● **Excerpted records**
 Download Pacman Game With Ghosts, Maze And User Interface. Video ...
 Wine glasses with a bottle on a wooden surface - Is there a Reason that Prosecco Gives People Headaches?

==

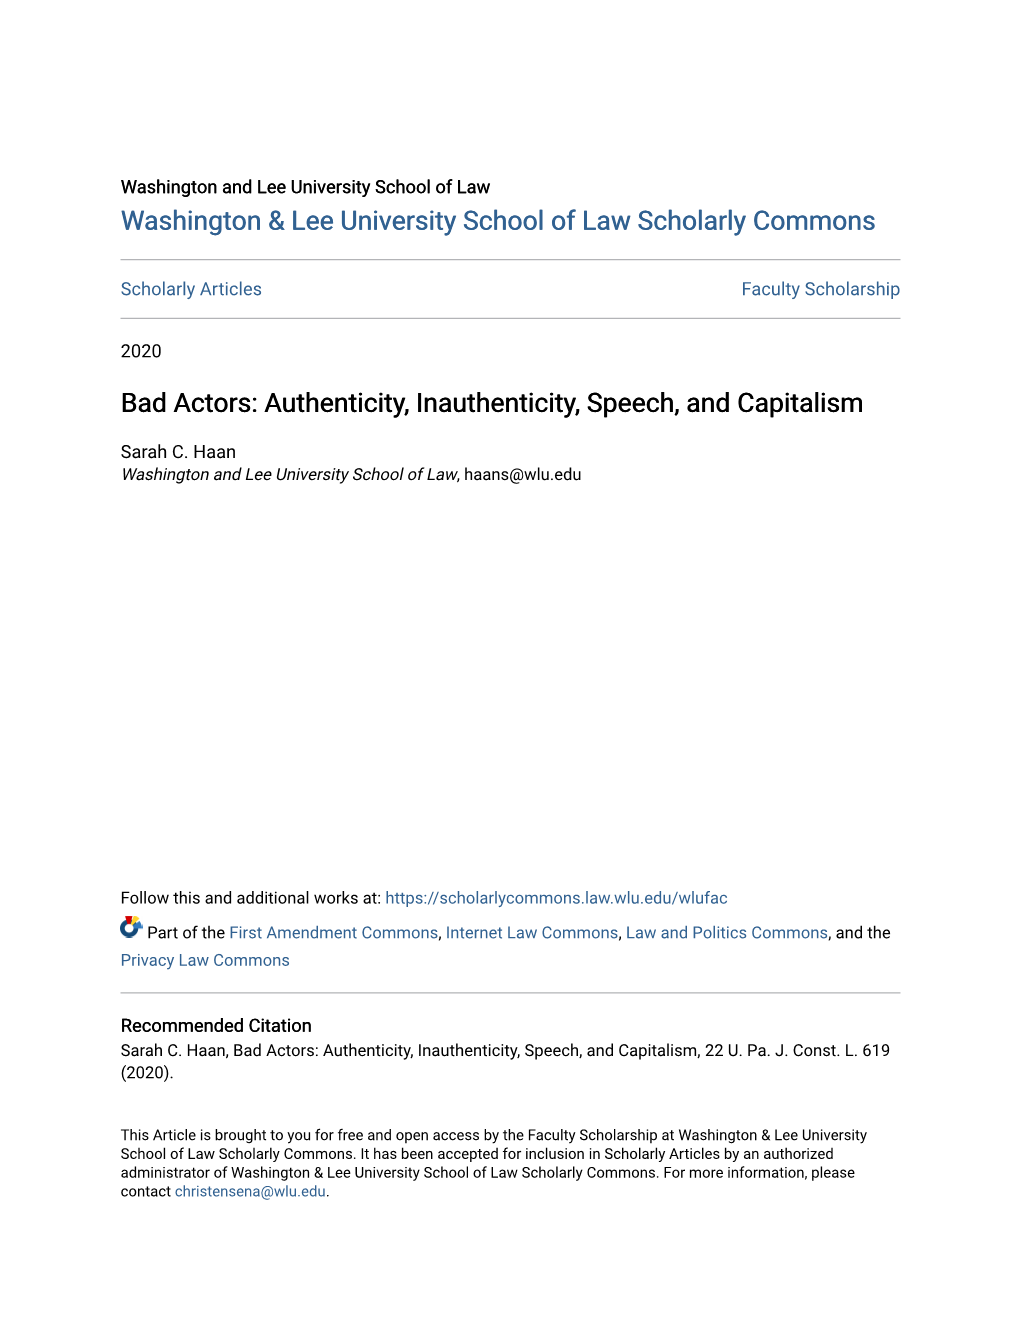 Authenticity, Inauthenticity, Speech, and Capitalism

--

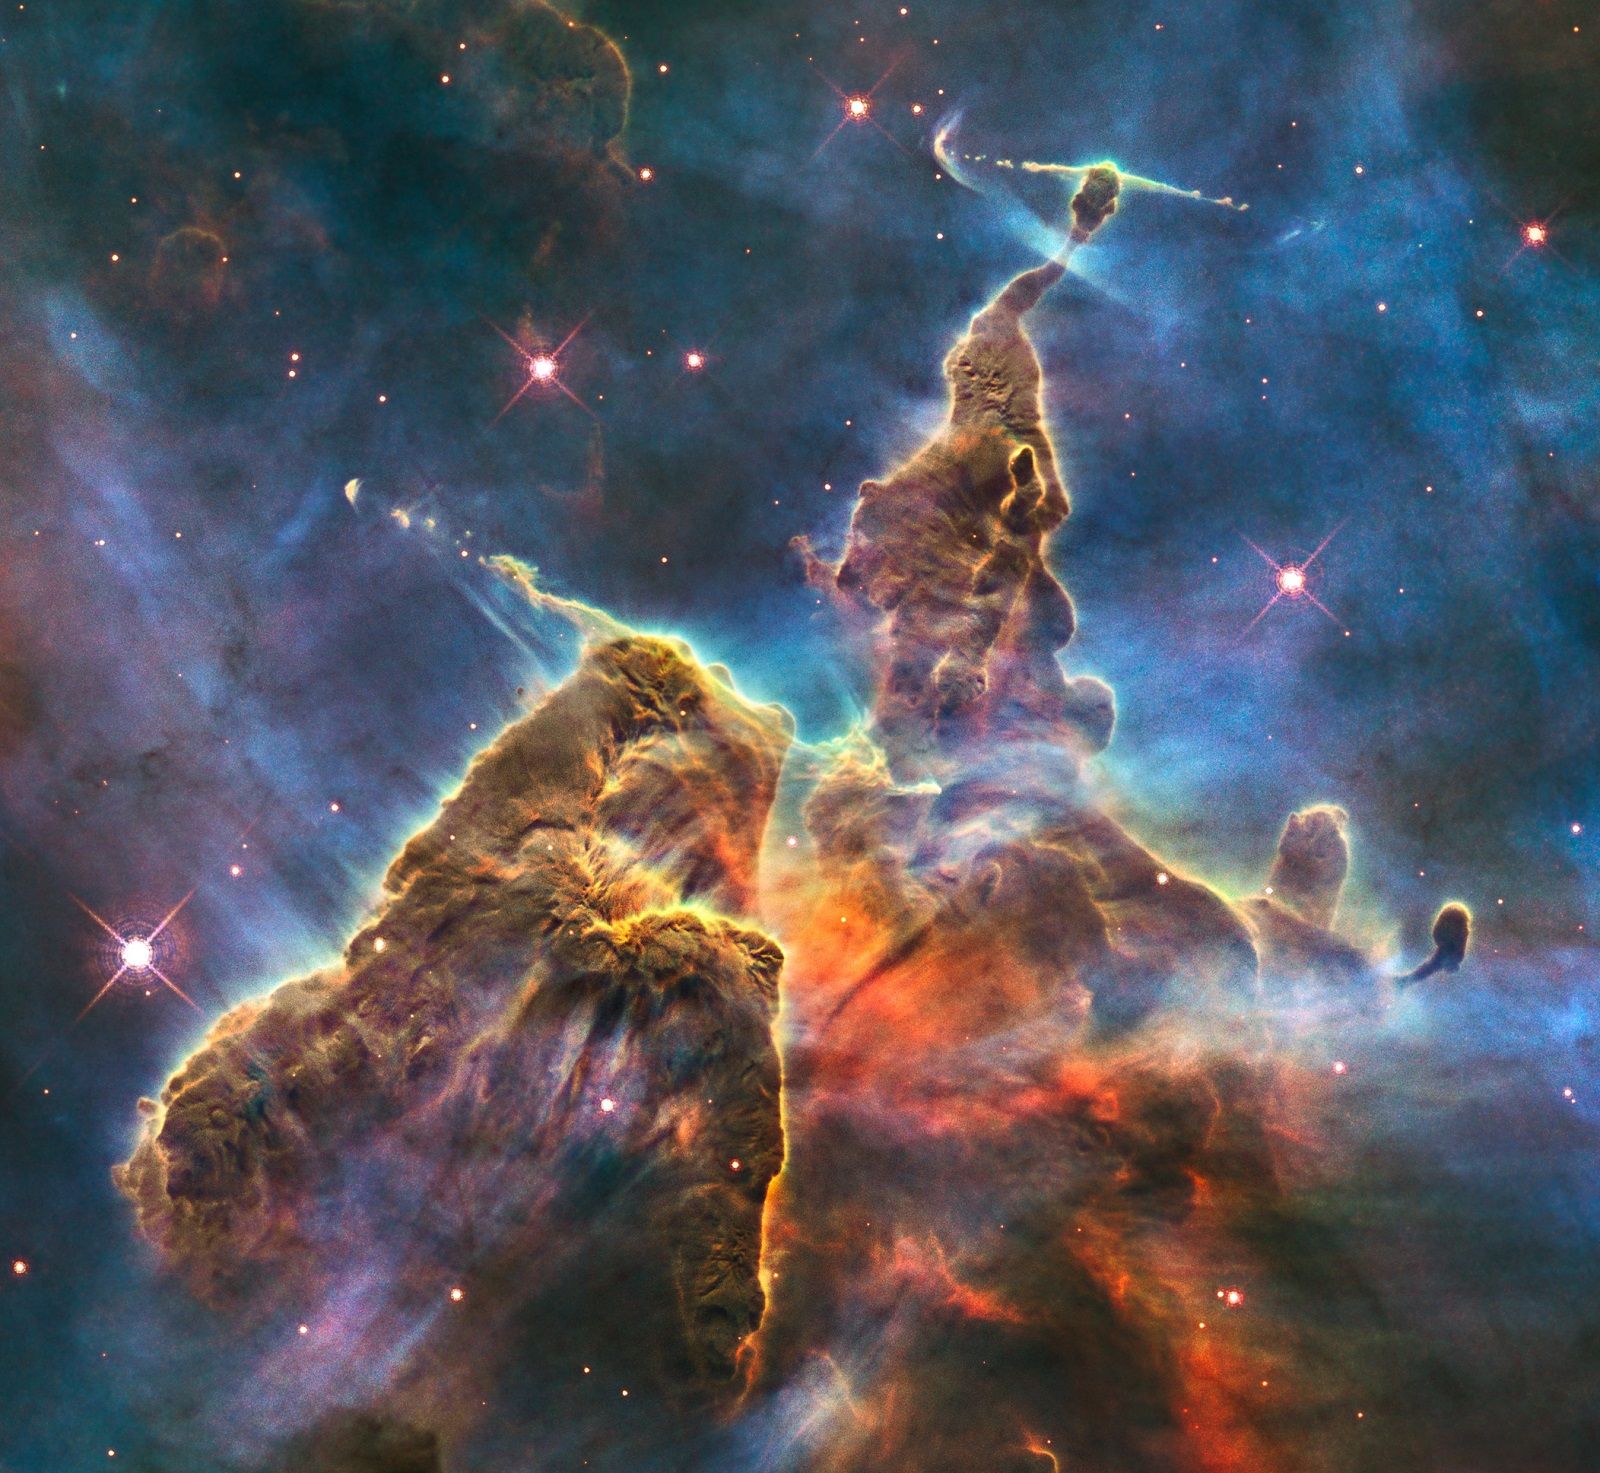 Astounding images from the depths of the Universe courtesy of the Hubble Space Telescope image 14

● **Goal of the exercise**
Copy out each line of the data above, exactly, if it lies between the line holding "Download Pacman Game" and the line holding "Wine glasses with", inclusive; copy no other line.

● **Response to the task**
 Download Pacman Game With Ghosts, Maze And User Interface. Video ...
 Wine glasses with a bottle on a wooden surface - Is there a Reason that Prosecco Gives People Headaches?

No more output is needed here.